The OST calls for avoiding interplanetary contamination risks, and a scientific body called COSPAR promulgates guidelines, but there is no global body to apply rules on interplanetary biosafety to governments and private actors, and national laws are incomplete.
And while the OST addresses two-way contamination between Earth and other celestial bodies, it seems to omit terrestrial materials that are mutated or altered in space and brought back to Earth. The treaty also doesn’t define terms like “harmful” or “adverse.” New cooperative interplanetary institutions are needed to fill these regulatory gaps, Wiener says.
“All of these considerations suggest that planetary defense against asteroids, and planetary protection against contamination — including of Earth and other vulnerable celestial bodies we may settle, such as Mars — may require forms of risk regulation managed by cooperative interplanetary institutions that do not yet exist."
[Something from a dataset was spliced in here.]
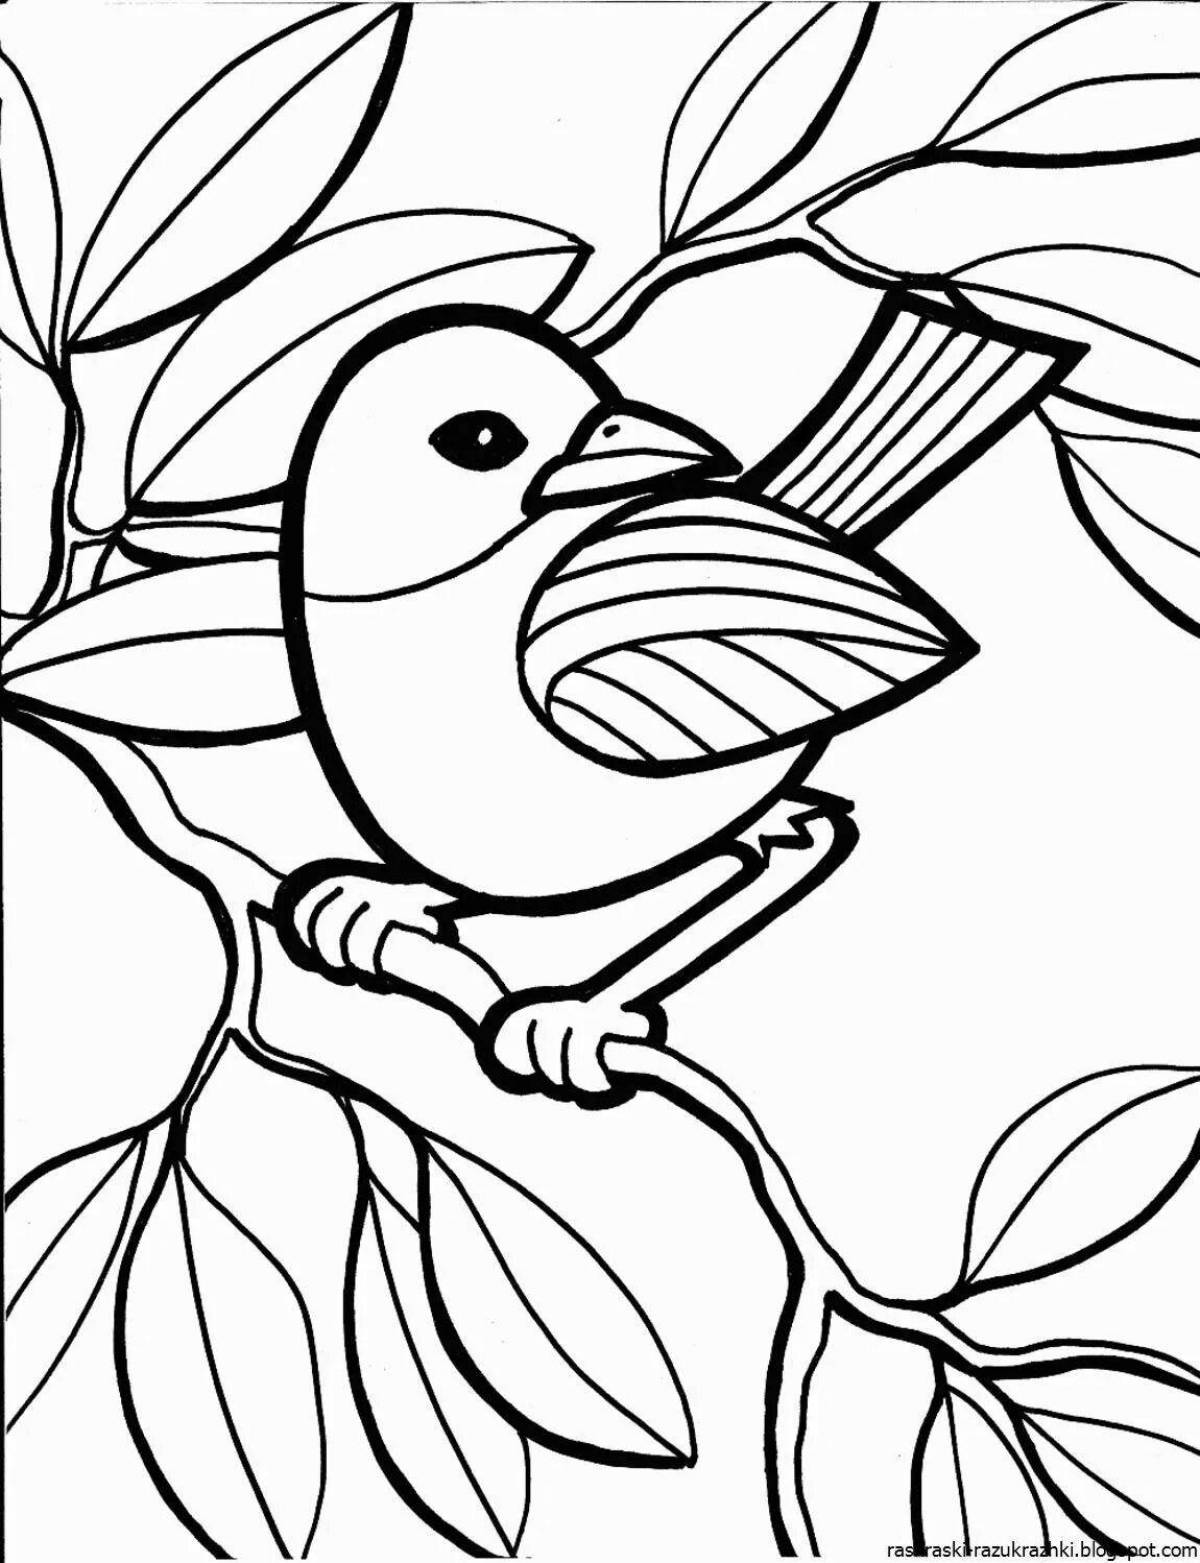 Exquisite bird coloring page for kids
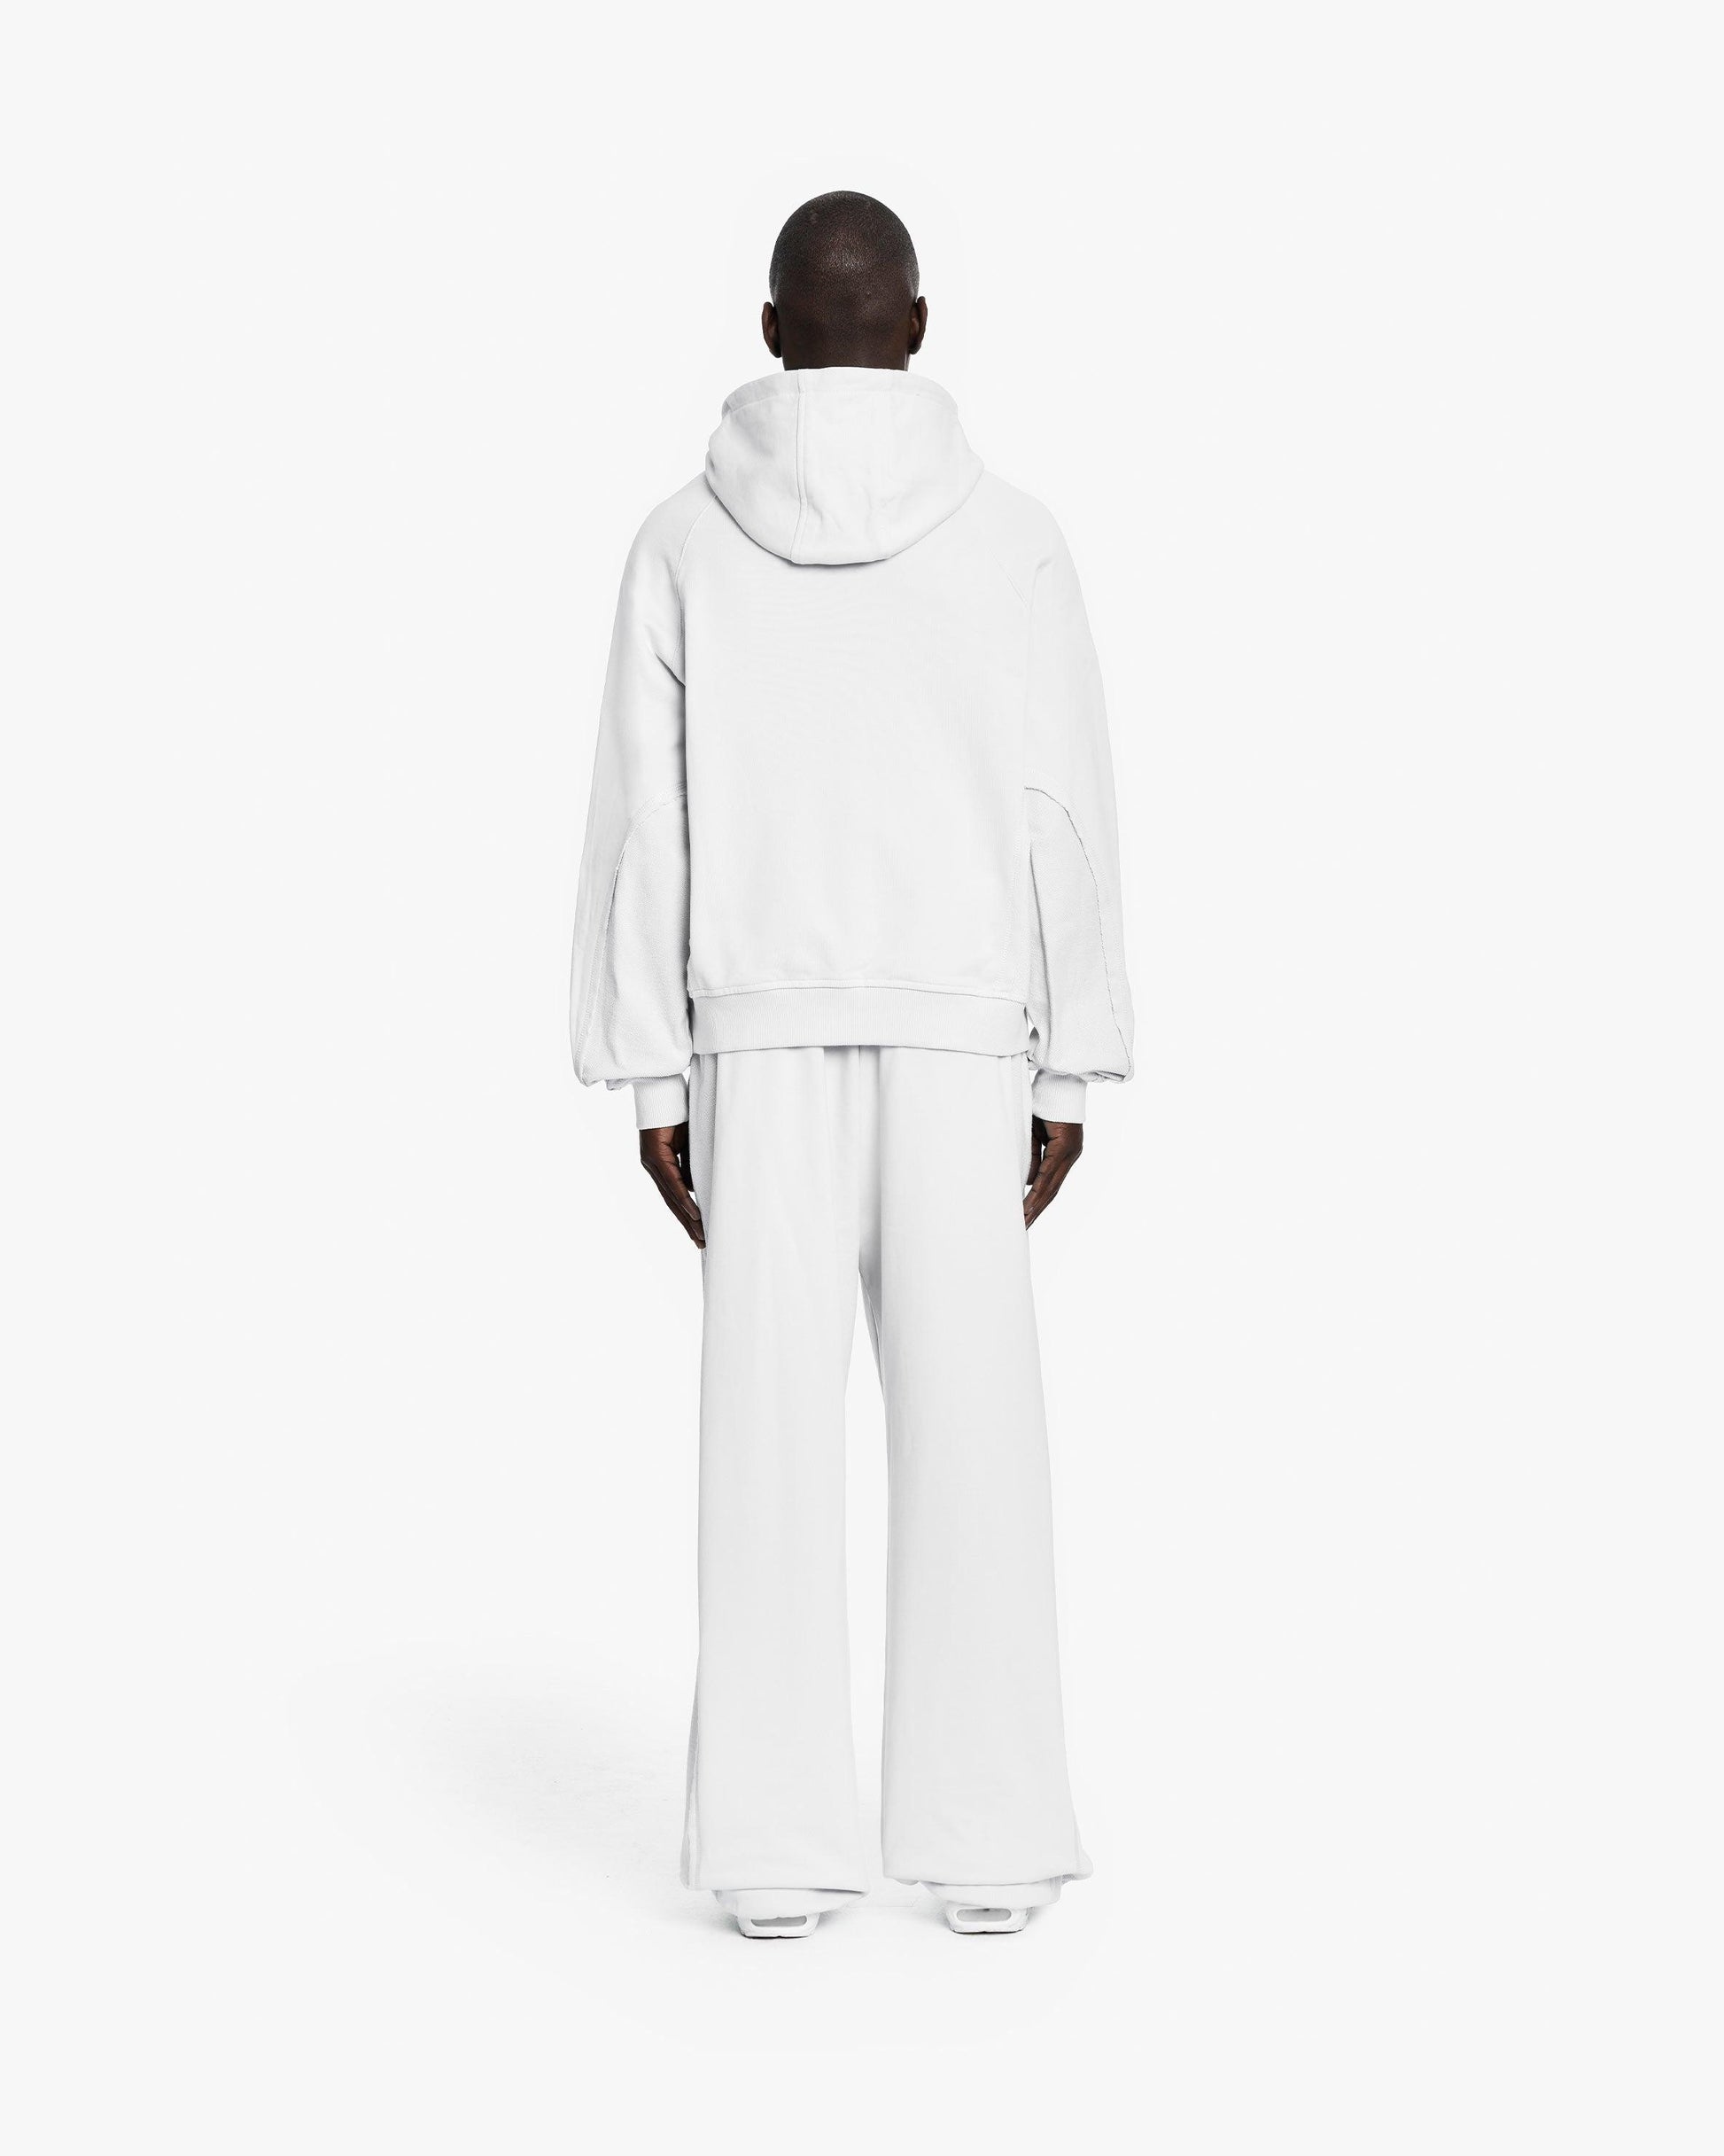 INSIDE OUT ZIP HOODIE WHITE - VICINITY

Regulation should reduce overall risk, he says, accounting for multiple risk-risk trade-offs while not inhibiting activity that could benefit humanity and other living things. Even the radiation-adapted fungi brought back from Mir might have an upside for human applications.
“We know a lot more now than we did 50 years ago at the time of the Apollo missions to the Moon, but we're going to new places where we're discovering new things,” Wiener said.
“Even if a scenario has a very low probability, if the consequences could be catastrophic, then it’s worth taking sensible precautions — not so stringent that they would stifle all space exploration, but doing it in a smarter, safer way, so we can survive and learn. If we stumble into an existential risk, we don’t get a second chance.”